ANGLO-GALLIC. Henry VI. 1422-1461. AV Salut d’or (27mm, 3.47 g, 4h). Saint-Lô mint; im: lis. Arnoulet Rame, mintmaster. Second issue, struck 1423-1449. ҺЄИRICVS : DЄI : GRA : FRACORVm : Z : AGLIЄ : RЄX, the Annunciation: the Virgin, standing facing, receiving tablet inscribed AVЄ from the Archangel Gabriel standing left; heavenly light above, two coats-of-arms below; pellet under the final Є / XPC · VIИCIT · XPC · RЄGИAT · XPC · ImPЄRAT (mullet stops), Latin cross; lis to left, lion passant to right, and Һ below; all within polylobe, with inward-facing lis in each point; pellet under the final R. Elias 271d; cf. Poey d'Avant 3184; Schneider 124; Friedberg 18 and 301 (France). Superb EF. Exceptional strike.

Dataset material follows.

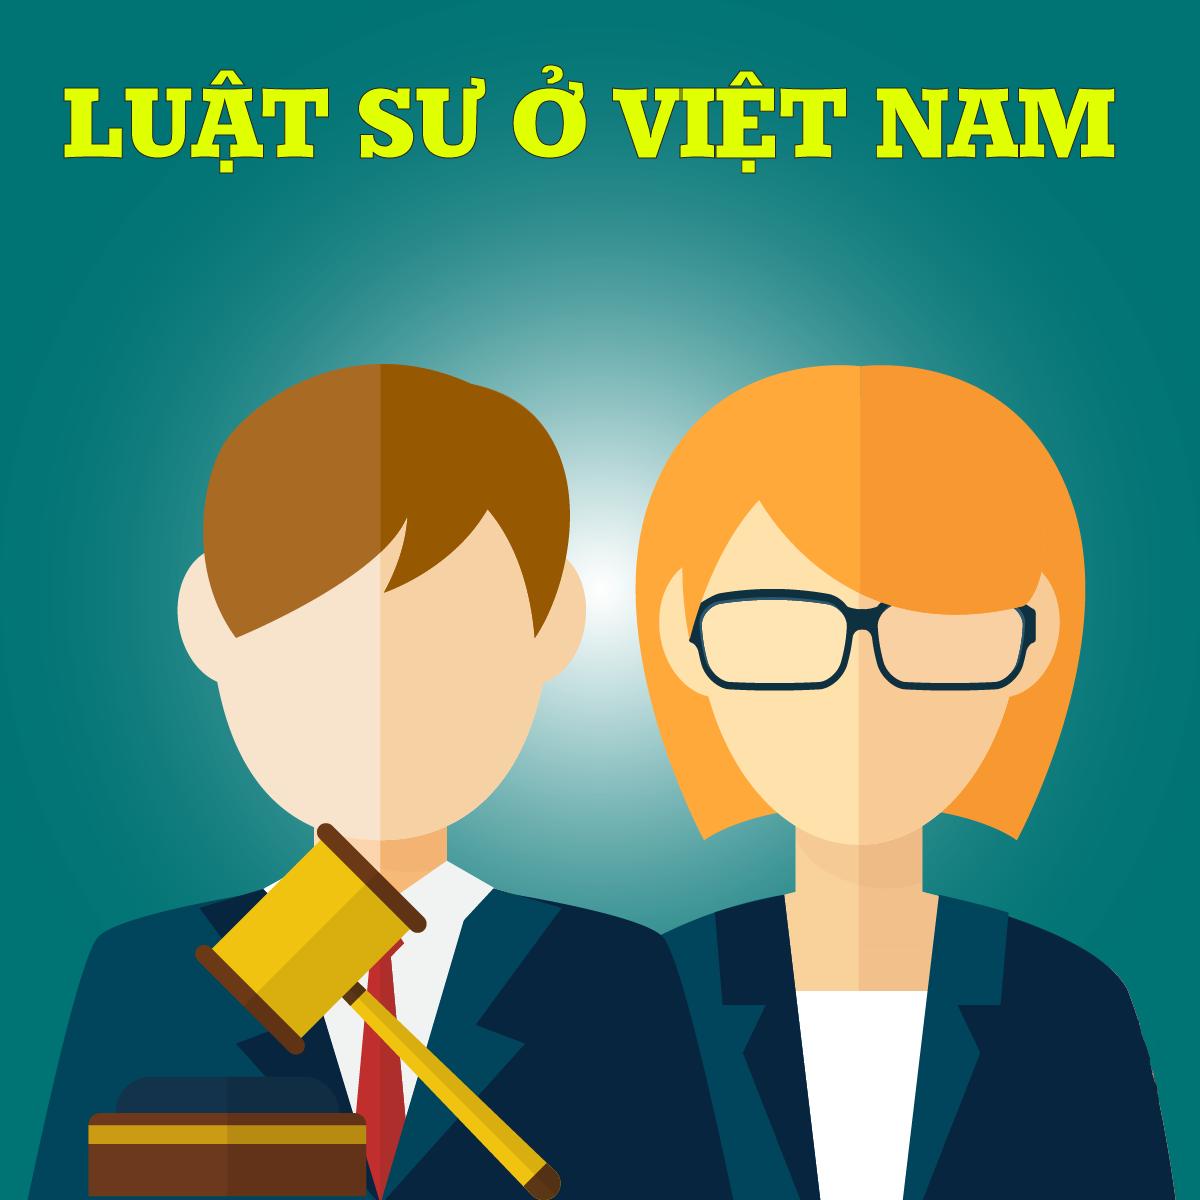 Thu nhập của người luật sư ở Việt Nam

The only son and heir of Henry V and Catherine de Valois, and the grandson and heir of Charles VI of France, Henry VI was a person in whom many great expectations were invested, but who, because of his age and mental ill-health, not only precipitated the onset of the so-called “Wars of the Roses”, but also reinvigorated French confidence in the Hundred Years War through English mismanagement and the appearance of Jeanne d’Arc.

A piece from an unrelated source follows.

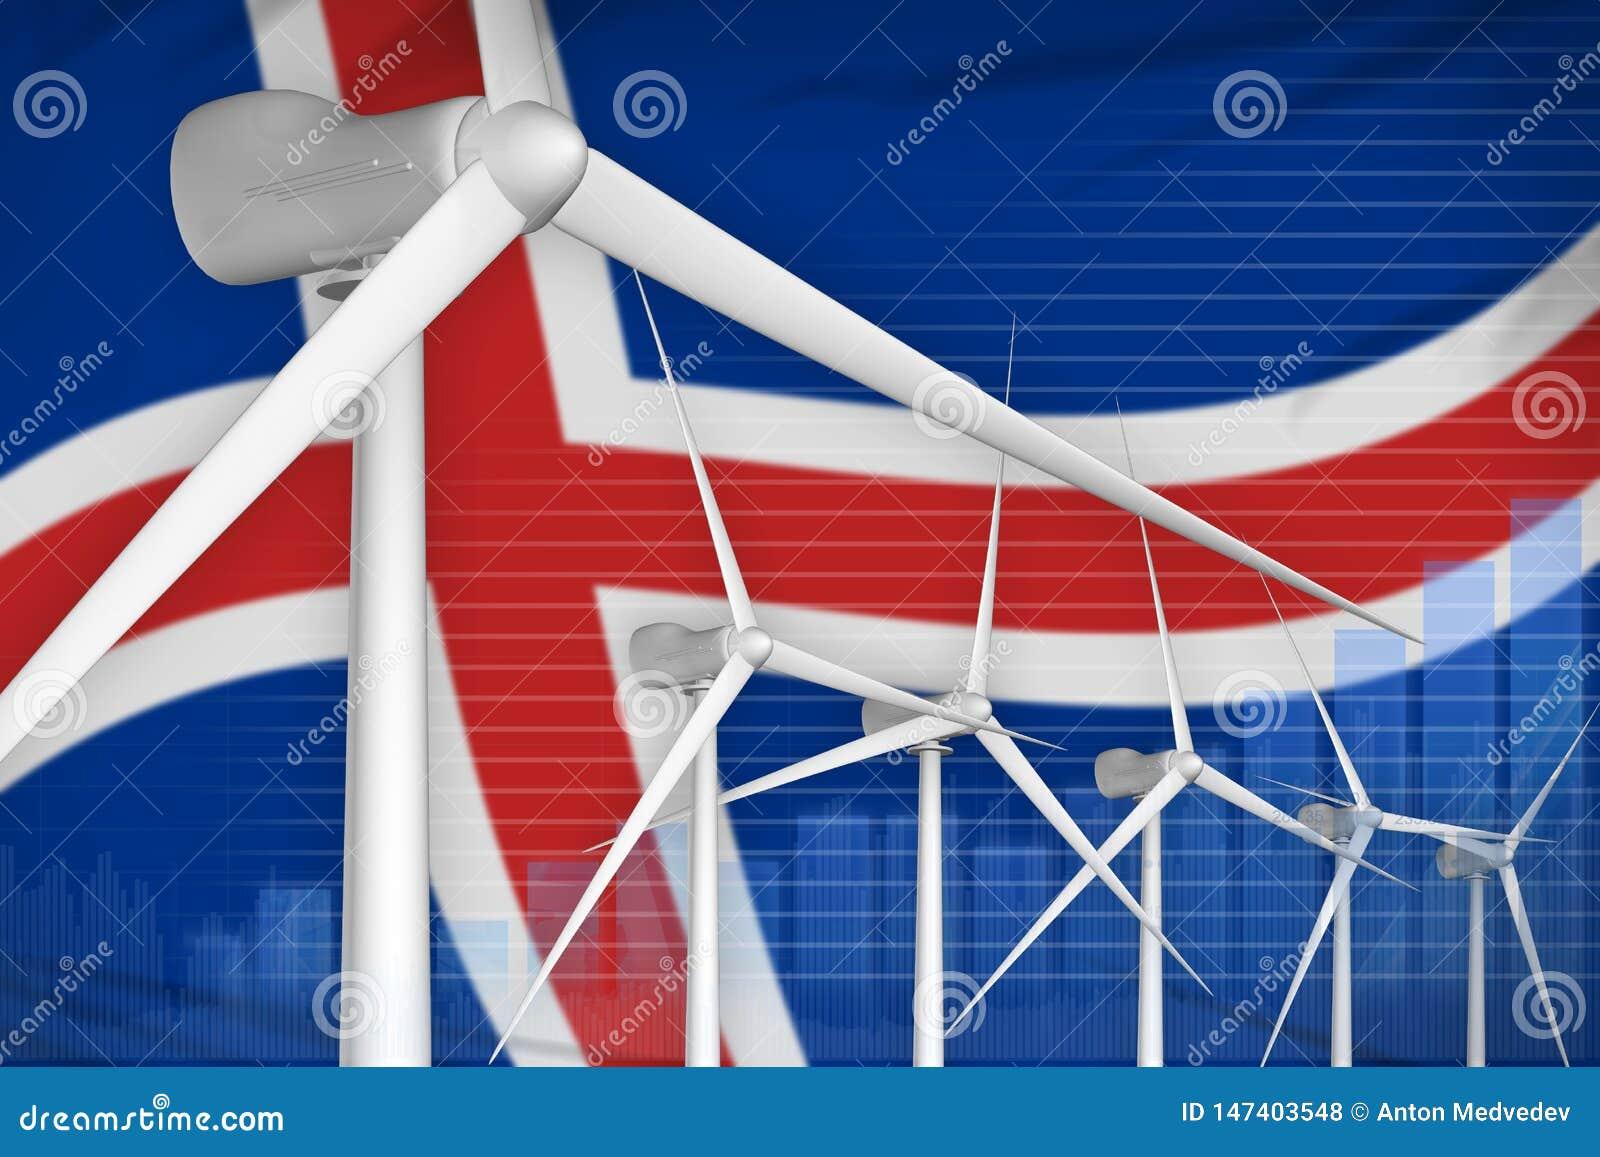 Iceland wiatrowej energii władzy wykresu cyfrowy pojęcie - nowożytna naturalnej energii przemysłowa ilustracja ilustracja 3 d

Henry VI became king in 1422 with the sudden death of his father, a baby of only nine months. During the king’s minority, a tripartite regency was established, made up of the king’s uncles. By 1424, however, factionalism between the regents began to arise, so that by 1429 when Henry VI achieved his majority, many of the successes of Henry V in France were lost. During the first four years the reign of Henry VI, the salut d’or in the name of the young king was minted in the Gascon territory still under English control. The medieval religious imagery is readily apparent with the use of the Annunciation on the obverse and the lis and leopard passant, symbols of France and England respectively, flanking the cross on the reverse. The obverse is particularly apropos, since like the birth of the Divine Savior who would bring peace to a weary world, the son of the King of England and the daughter of the King of France would bring together the war-weary French and English nations.